_DATA FOR ANALYSIS_.
--------------------
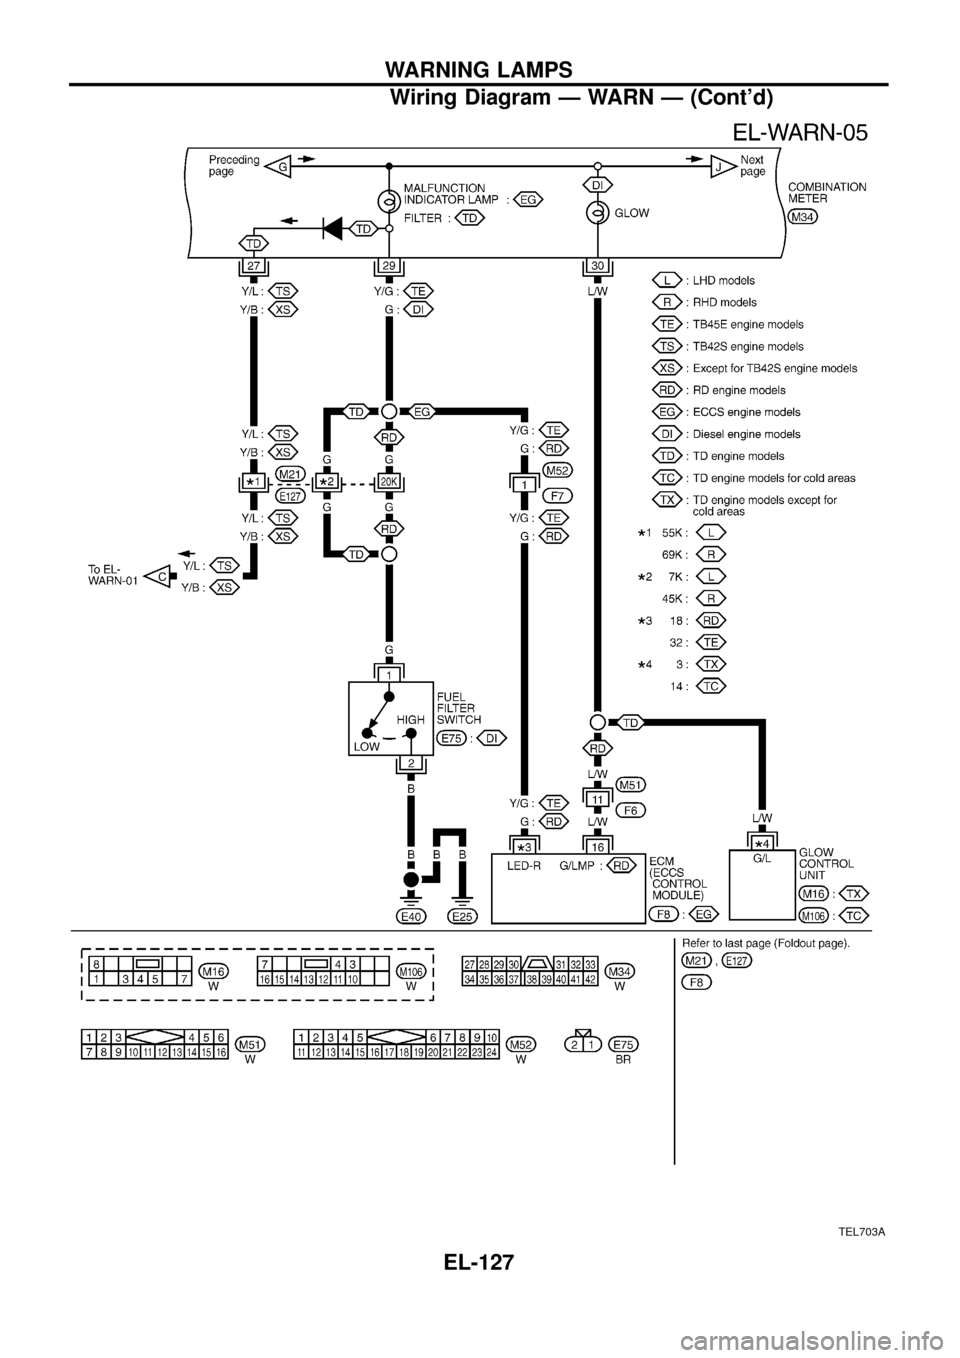 NISSAN PATROL 1998 Y61 / 5.G Electrical System User Guide TEL703A
WARNING LAMPS
Wiring Diagram Ð WARN Ð (Contd)
EL-127 
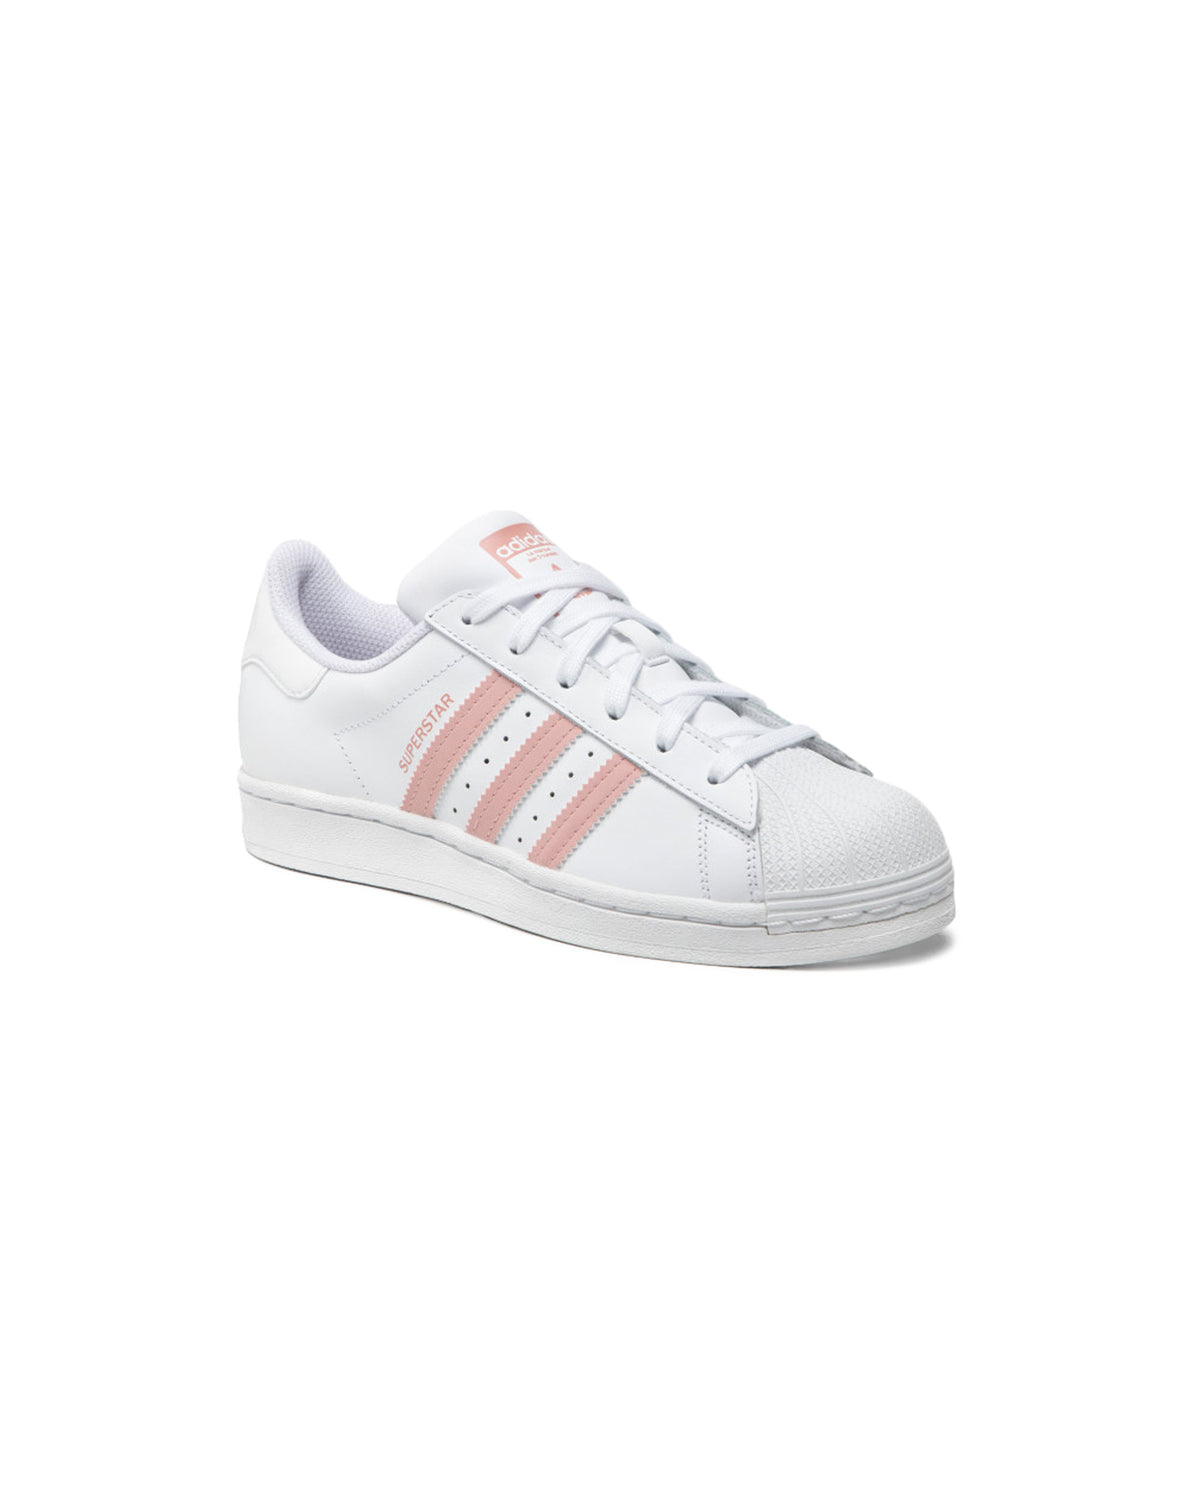 Adidas Superstar j White Pink
--------------------
_PROBLEM TO WORK ON_.
In your copy, exclude the pictures and repeat each entry above exactly.

_ANSWER FOR THE TASK_.
 NISSAN PATROL 1998 Y61 / 5.G Electrical System User Guide TEL703A
WARNING LAMPS
Wiring Diagram Ð WARN Ð (Contd)
EL-127 
 Adidas Superstar j White Pink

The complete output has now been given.